A trove of some 200,000 leaked documents belonging to offshore law firm Conyers Dill & Pearman—known collectively as the Mauritius Leaks—have shone a light on the contortions corporate giants go through to avoid paying taxes on money earned in some of the world’s poorest countries.
The documents were sent anonymously to the International Consortium of Investigative Journalists (ICIJ) and shared with Quartz and other news organizations around the world.
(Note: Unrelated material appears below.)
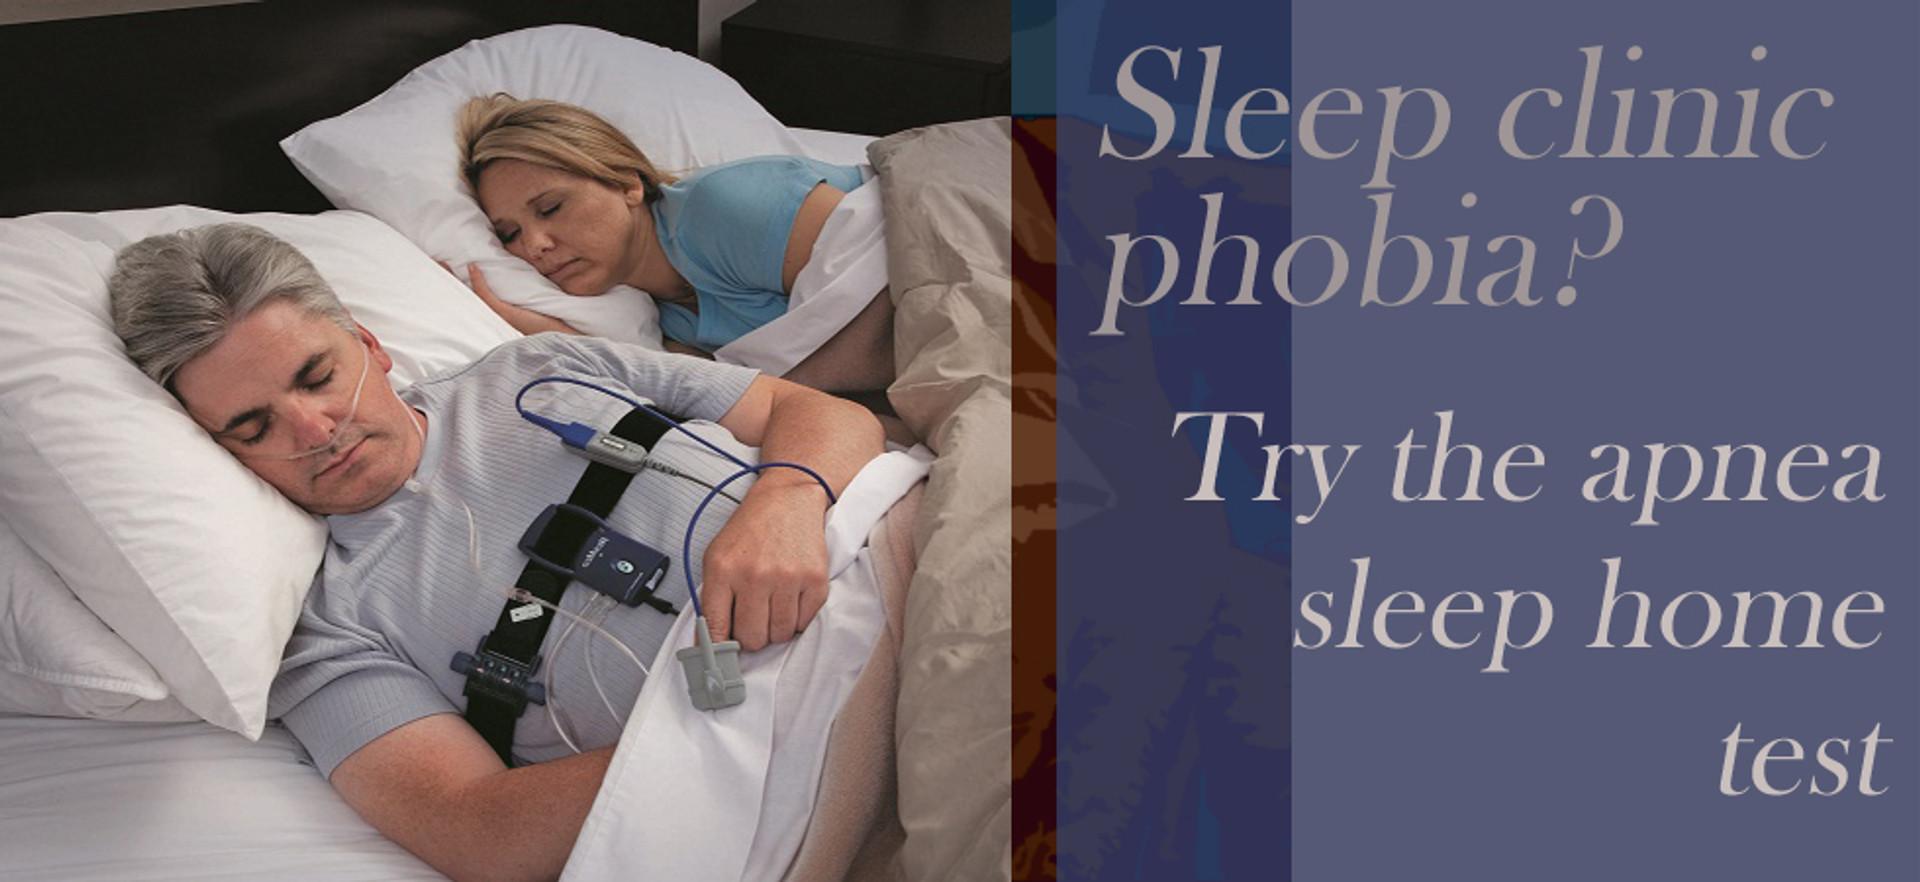 SLEEP CLINIC - APNEA TEST - SNORING TEST KIT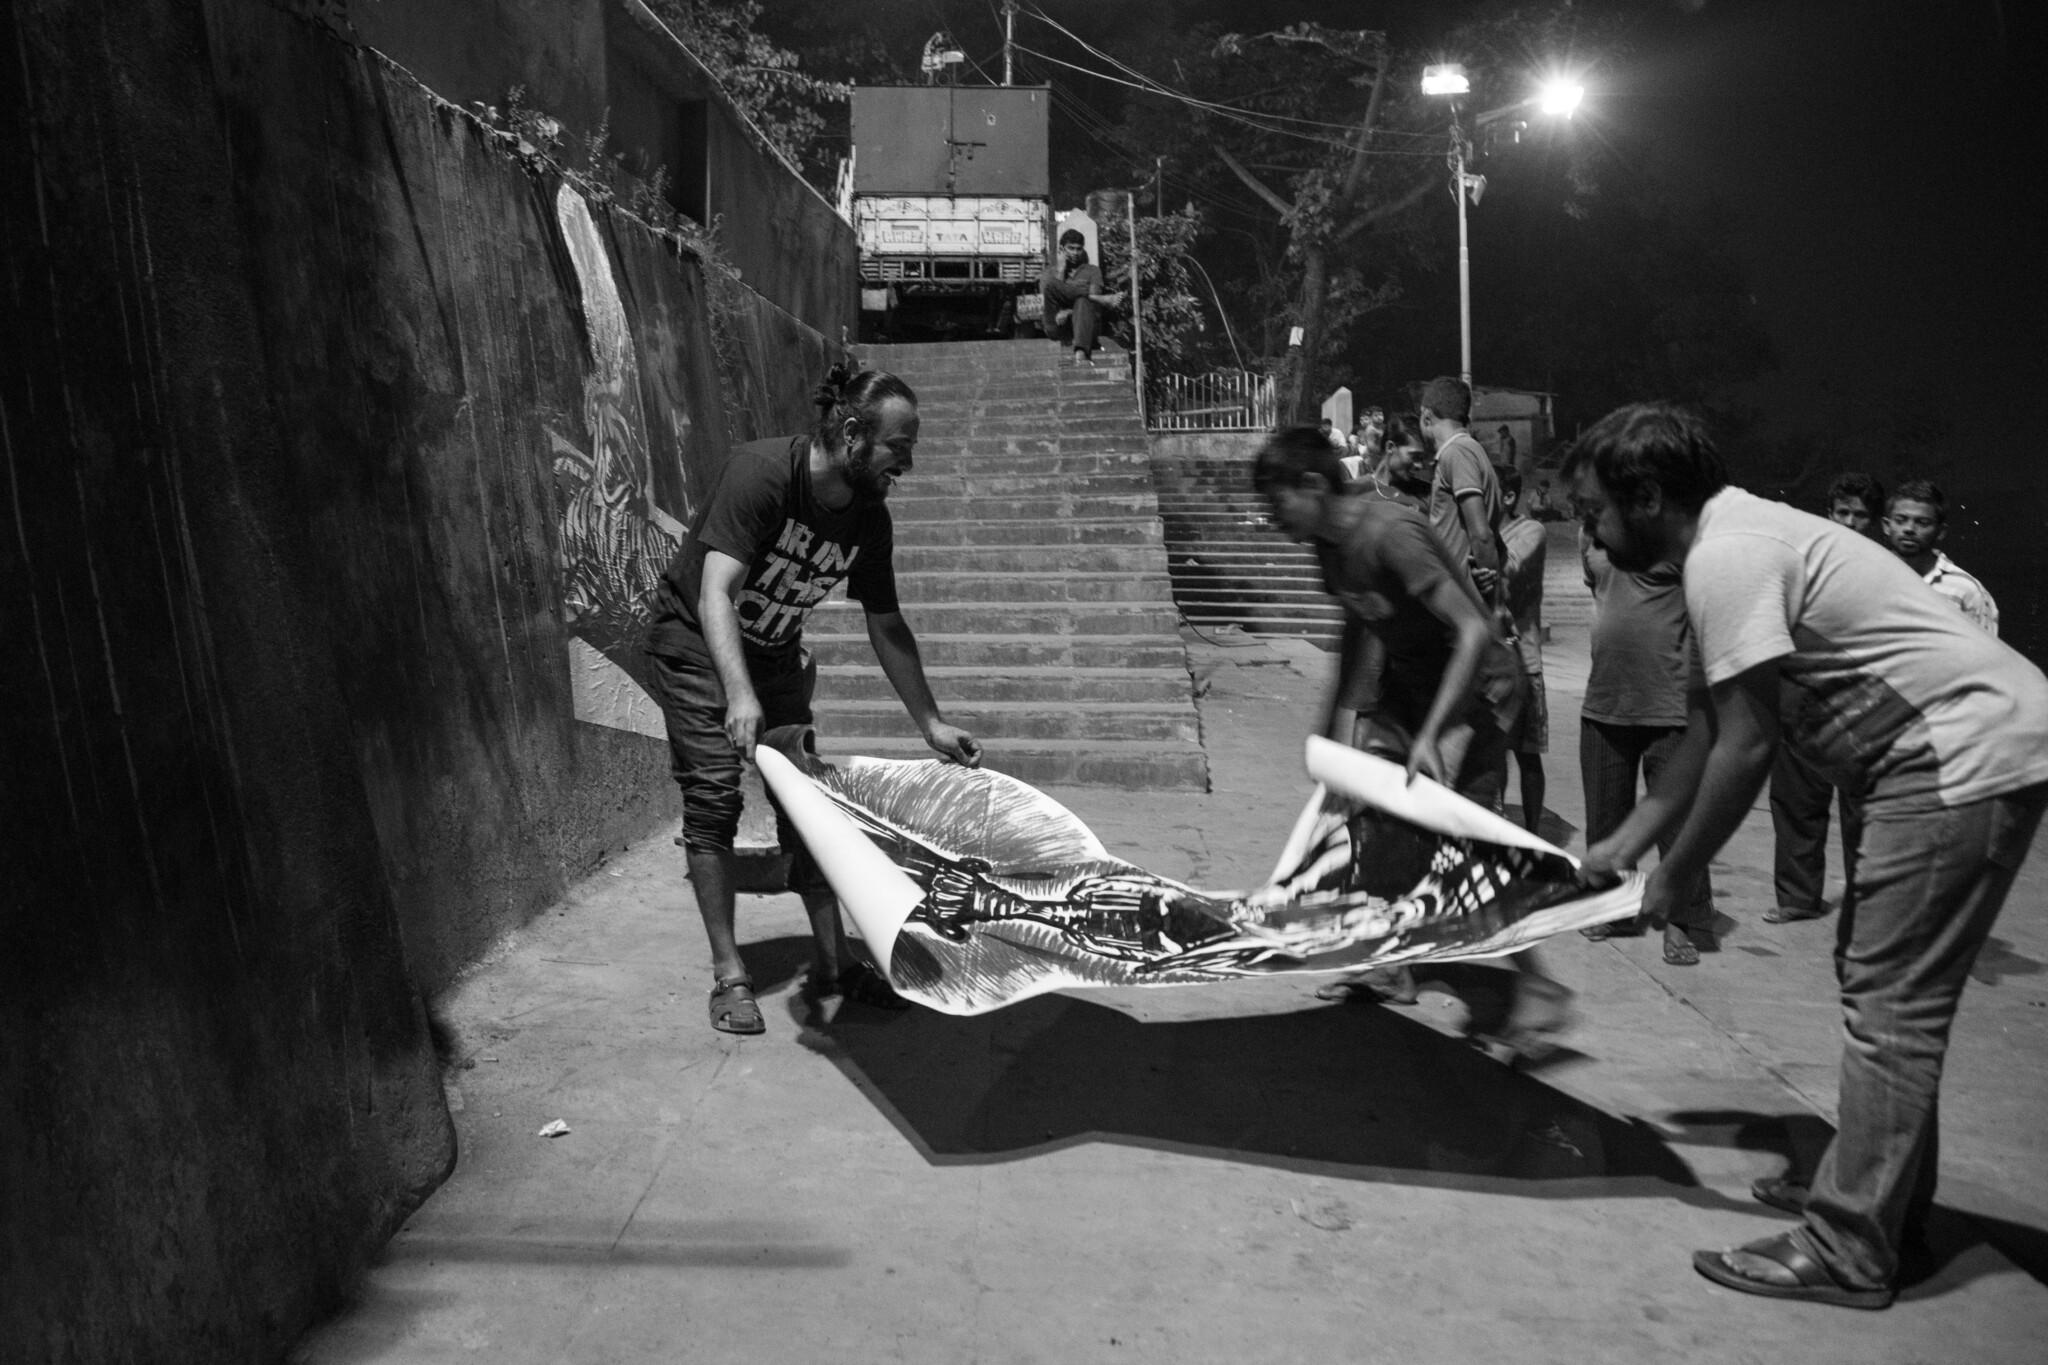 Стрит-арт в Калькутте: «Пассажир» выпускает документалку. Здесь — 1-й тизер

Among them was a handy guide drawn up by Bermuda-based Conyers for anyone considering a scheme to avoid taxes using the Indian Ocean nation of Mauritius.
Entitled “Overview of Mauritius as an offshore financial centre,” the 36-slide PowerPoint presentation walks aspiring tax dodgers through the legal—but definitely unseemly—intricacies of corporate structures on the tiny island, which, Conyers notes, “is technically an African country.”
Some of the island’s advantages? An effective 3% corporate tax rate thanks to dozens of tax treaties, pretty simple requirements to set up a tax-avoiding structure, plus “almost always” no capital gains tax and little or no withholding tax. Oh, and a clean-ish reputation, having appeared on the “white list” in the half-hearted annual effort by the Organization for Economic Cooperation and Development (OECD) to name and shame tax havens.